В „благословенном“ довоенном 1913 году Розанов выразил свое убеждение, которое помогло ему через несколько лет в осмыслении разразившихся катаклизмов — войны, революции, разрухи, голода: „Счастливую и великую родину любить не велика вещь. Мы ее должны любить, именно когда она слаба, мала, унижена, наконец, глупа, наконец, даже порочна. Именно, именно когда наша „мать“ пьяна, лежит и вся запуталась в грехе, — мы и не должны отходить от нее… Но и это еще не последнее: когда она наконец умрет и, обглоданная евреями, будет являть одни кости — тот будет „русский“, кто будет плакать около этого остова, никому ненужного и всеми плюнутого“(106). Страшные слова, нелегко дались они Василию Васильевичу и многое для него означали.
Как бы поясняя эту мысль, Розанов записал в „Опавших листьях“: „Может быть, народ наш и плох, но он — наш, наш народ, и это решает все“ (127).
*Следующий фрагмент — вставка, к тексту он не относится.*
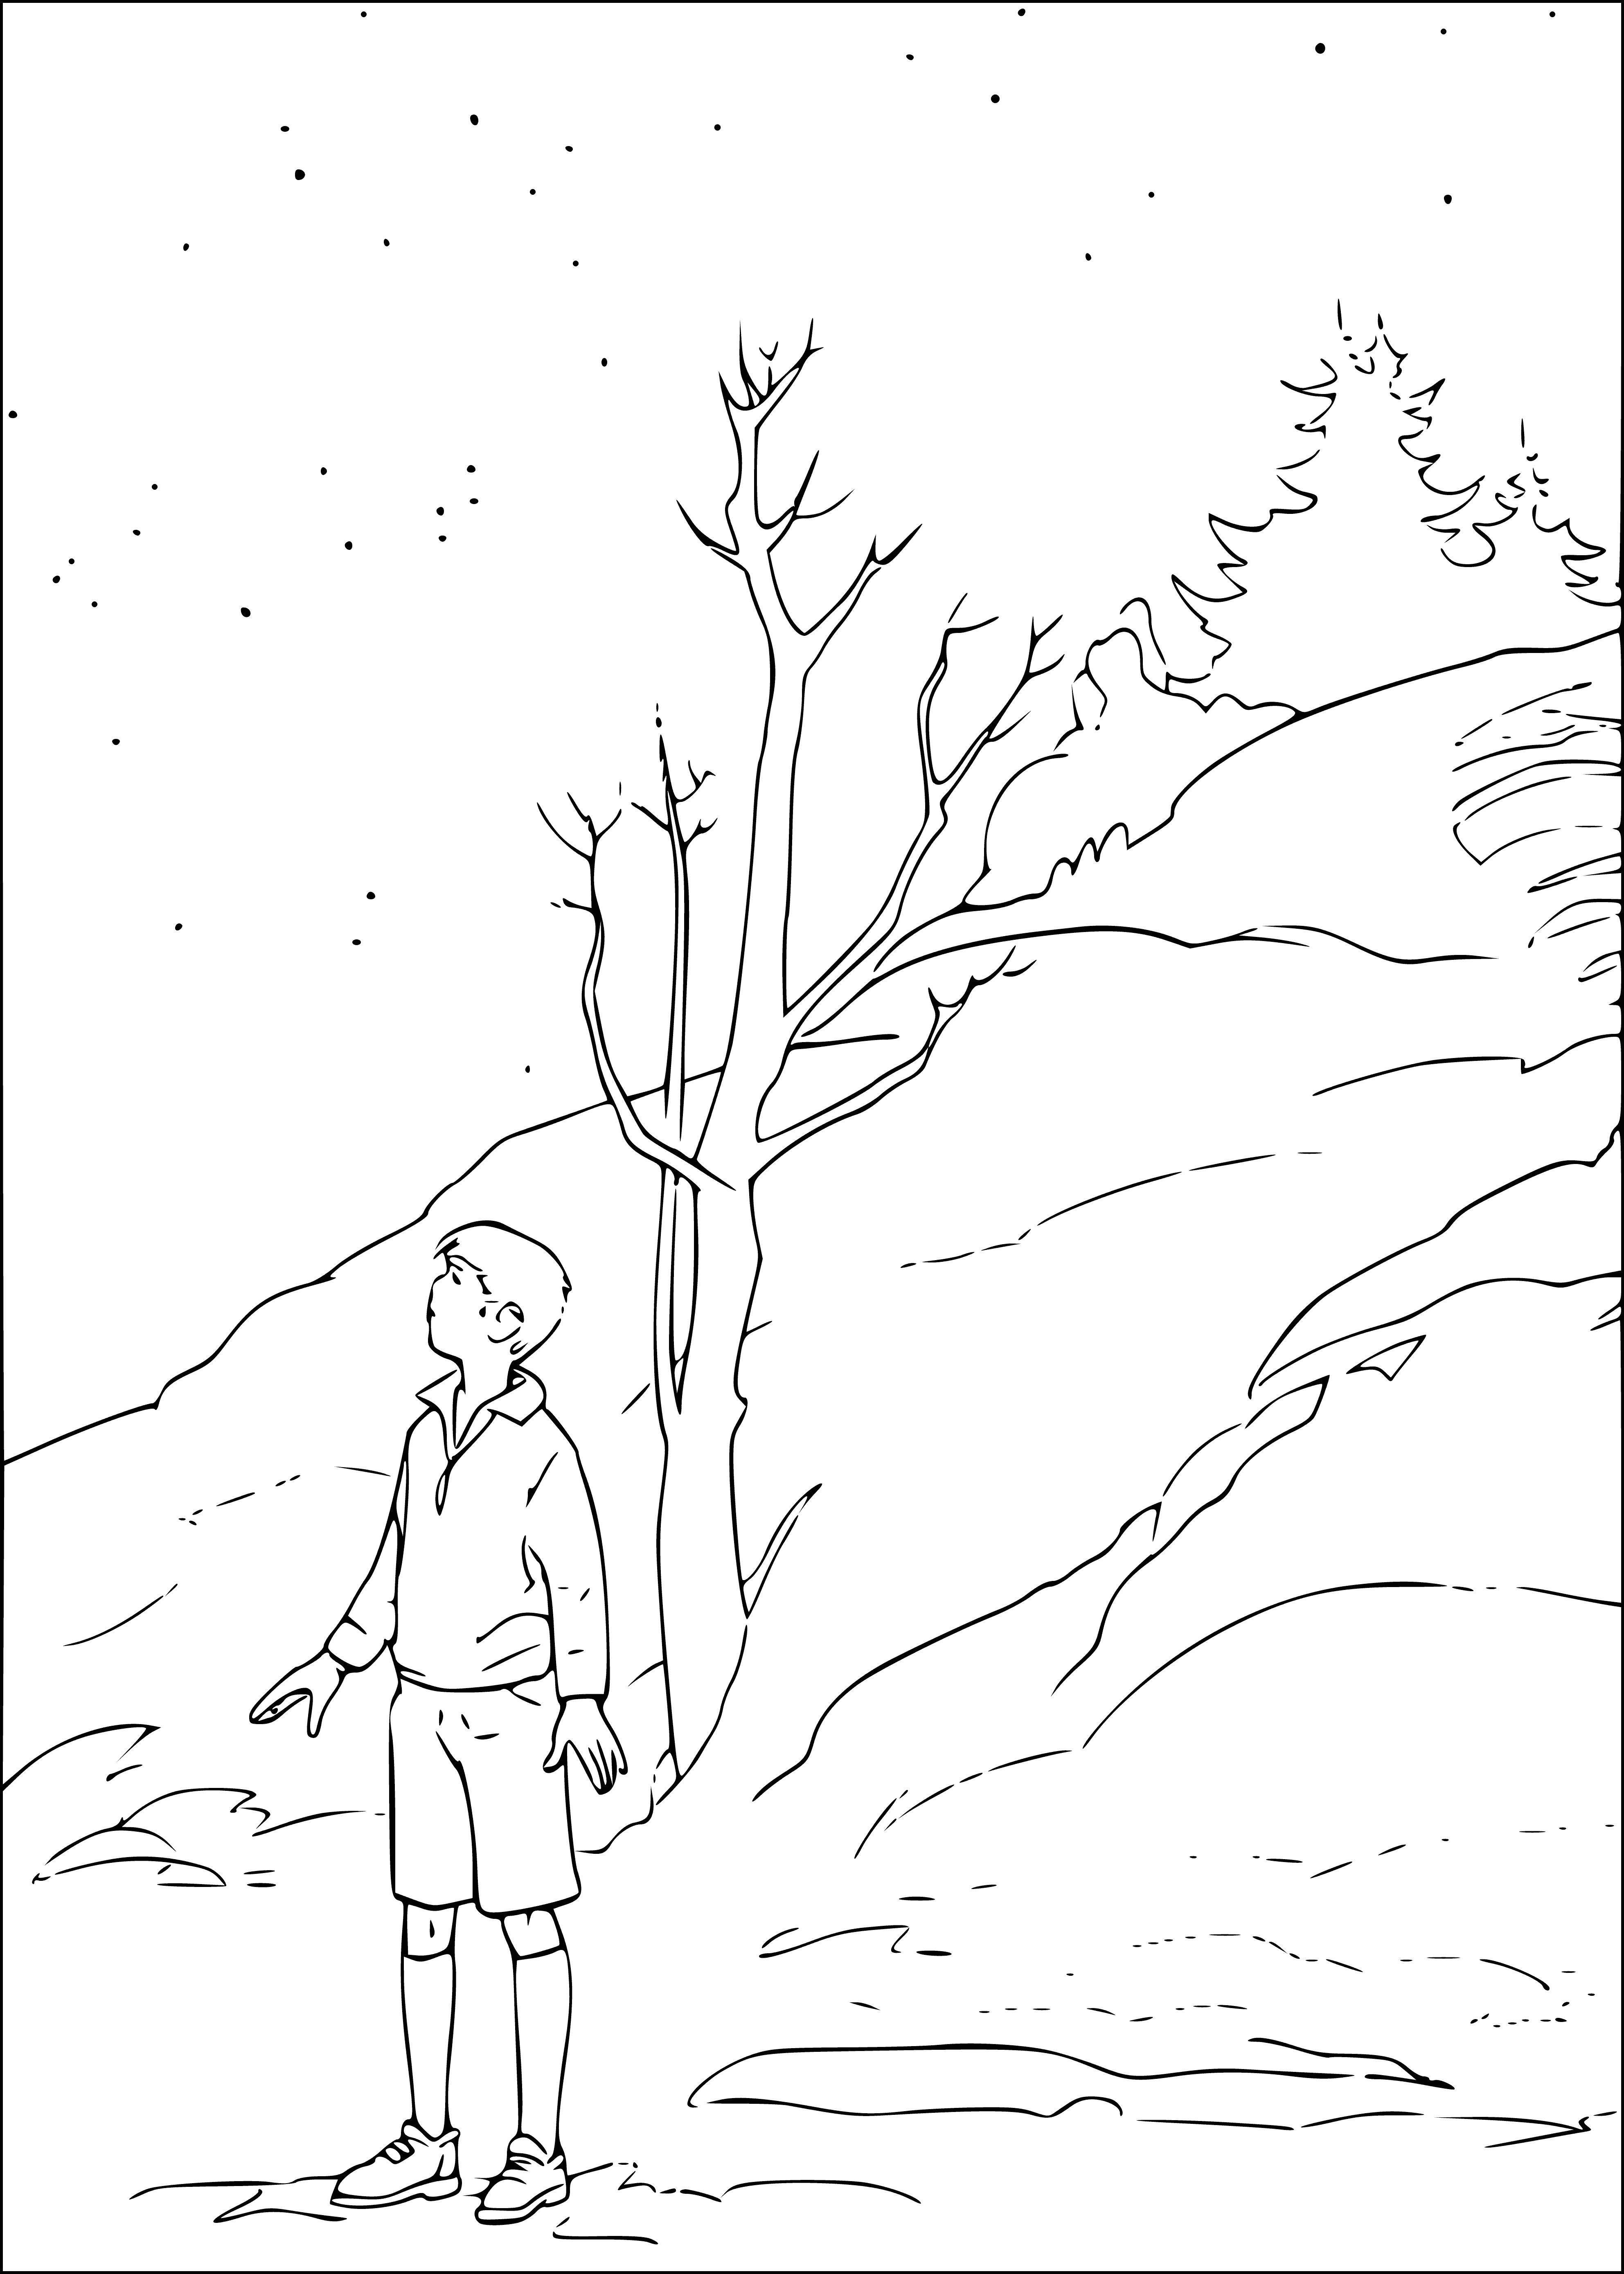 coloring page: Woman in dark dress w/ staff holding off lion & boy in background. Woman looks stern, boy scared. Trees in background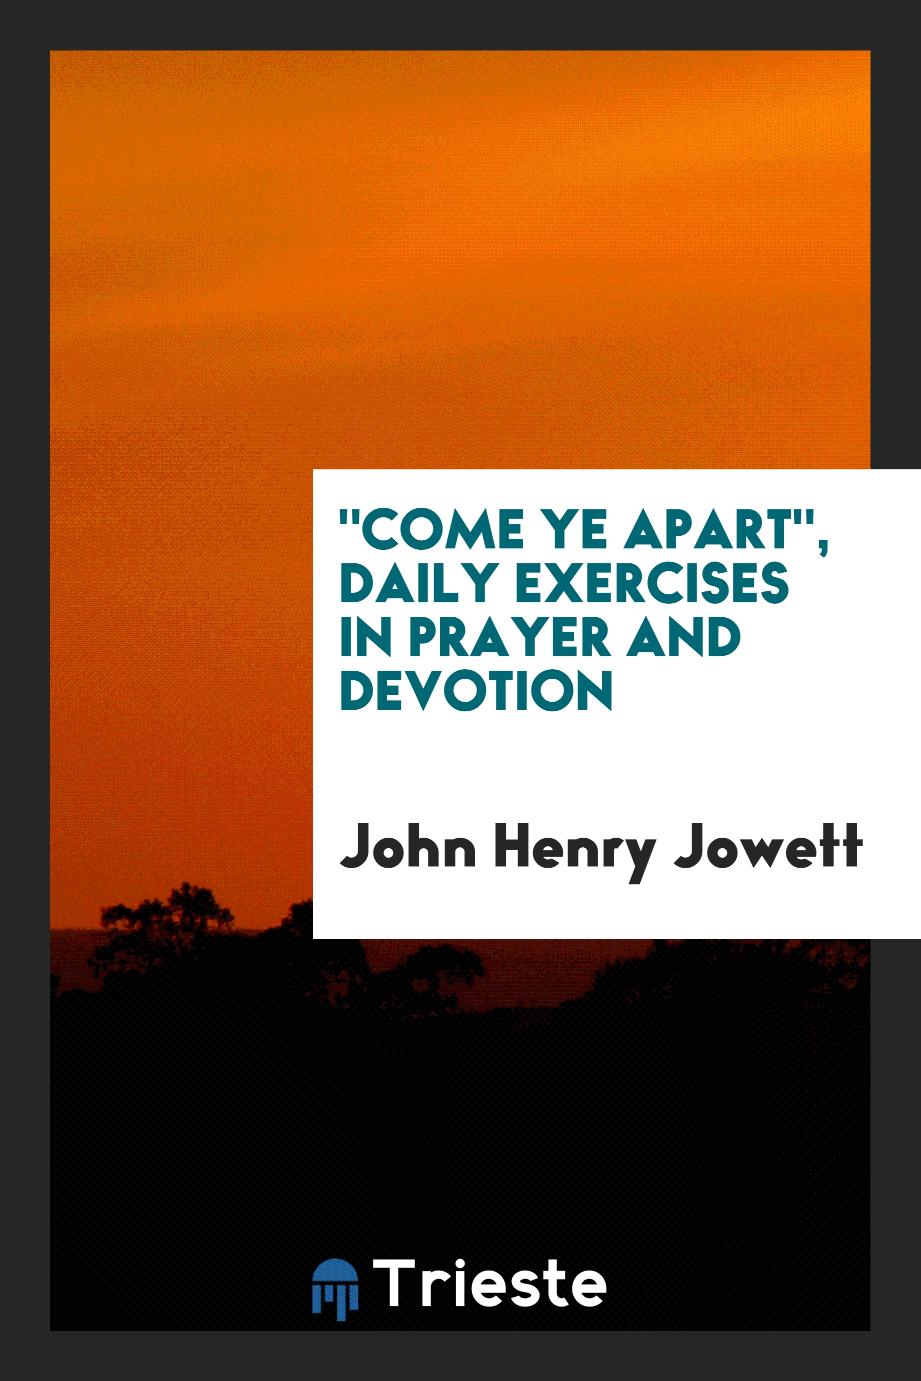 "Come ye apart", daily exercises in prayer and devotion

В программном очерке „Возле „русской идеи“…“, вошедшем в книгу „Среди художников“, Розанов делит писателей на женственных (Карамзин, Лермонтов) и мужественных (Ломоносов, Пушкин). Из разработанной им самим „религии пола“ выводил он это деление, относя Россию и русскую литературу по преимуществу к „женскому началу“, а Германию и германцев к „мужскому“.
Даже проблему „тысячелетней борьбы славянского и германского миров“, усиленно муссировавшуюся в годы Первой мировой войны, он пытался разрешить с помощью теории преобладания женского начала над мужским: „Муж есть глава дома… Да… Но хозяйкою его бывает жена… Она „управляет“ и самим мужем, как шея движениями своими ставит так и этак голову, заставляет смотреть туда или сюда его глаза“[631].